La extracción en el campo Shenandoah
Desde mi perspectiva técnica, el núcleo de este contrato radica en la capacidad operativa de los equipos. Estamos hablando de maquinaria certificada para trabajar de manera estable por encima de los $15,000$ psi. Este despliegue no es un simple suministro de componentes; es una solución a medida gestada desde principios de 2025 para adaptarse a la geología específica de este campo. Así mismo, la implementación de estos sistemas de procesamiento en el fondo marino busca optimizar la recuperación de petróleo y acelerar los ciclos de producción de BOE.
Bajo la dirección estratégica de expertos como Andreas Fjellbirkeland, la empresa conjunta donde participan SLB, Aker Solutions y Subsea7 demuestra que la clave del éxito en aguas ultra profundas es la integración digital.
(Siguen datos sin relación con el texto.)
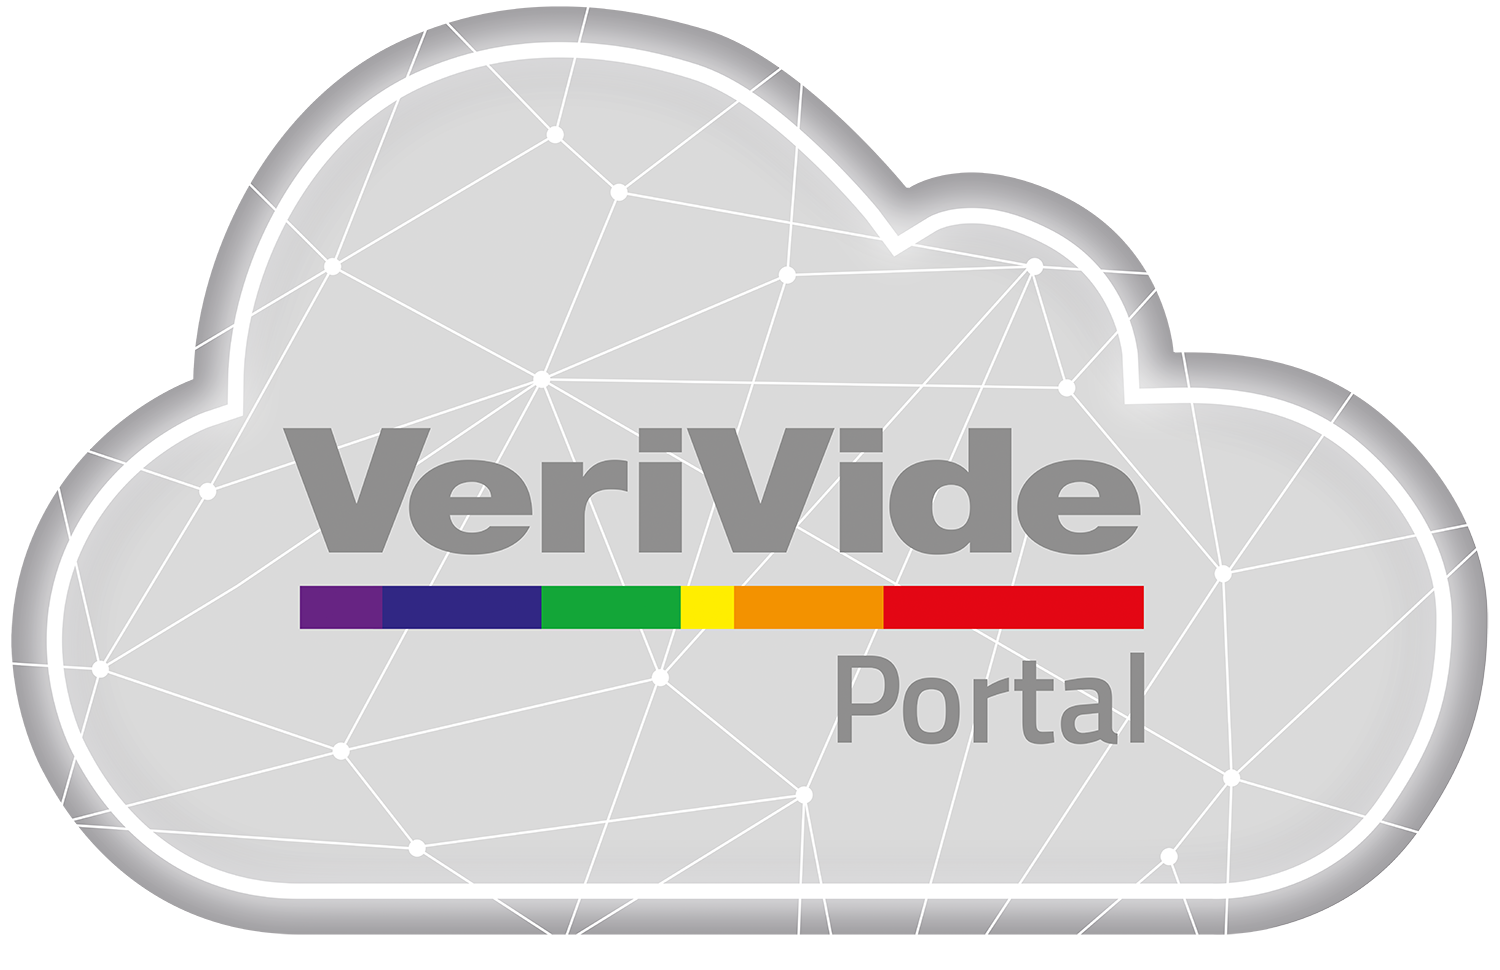 VeriVide Portal logo

El uso de estos sistemas avanzados permite extraer un mayor valor por barril equivalente de petróleo. Conectando la eficiencia con la sostenibilidad, esta infraestructura reduce la intensidad operativa mientras maximiza el rendimiento del yacimiento bajo condiciones térmicas críticas.
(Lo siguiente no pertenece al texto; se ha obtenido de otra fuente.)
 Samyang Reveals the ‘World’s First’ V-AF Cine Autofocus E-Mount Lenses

Finalmente, este proyecto reafirma la tendencia de inversión sostenida en el sector offshore estadounidense. La apuesta por la innovación en el procesamiento submarino asegura que yacimientos complejos como Shenandoah sean comercialmente viables. Los operadores actuales priorizan tecnologías que garanticen fiabilidad a largo plazo en profundidades donde cualquier fallo técnico supone un coste inasumible.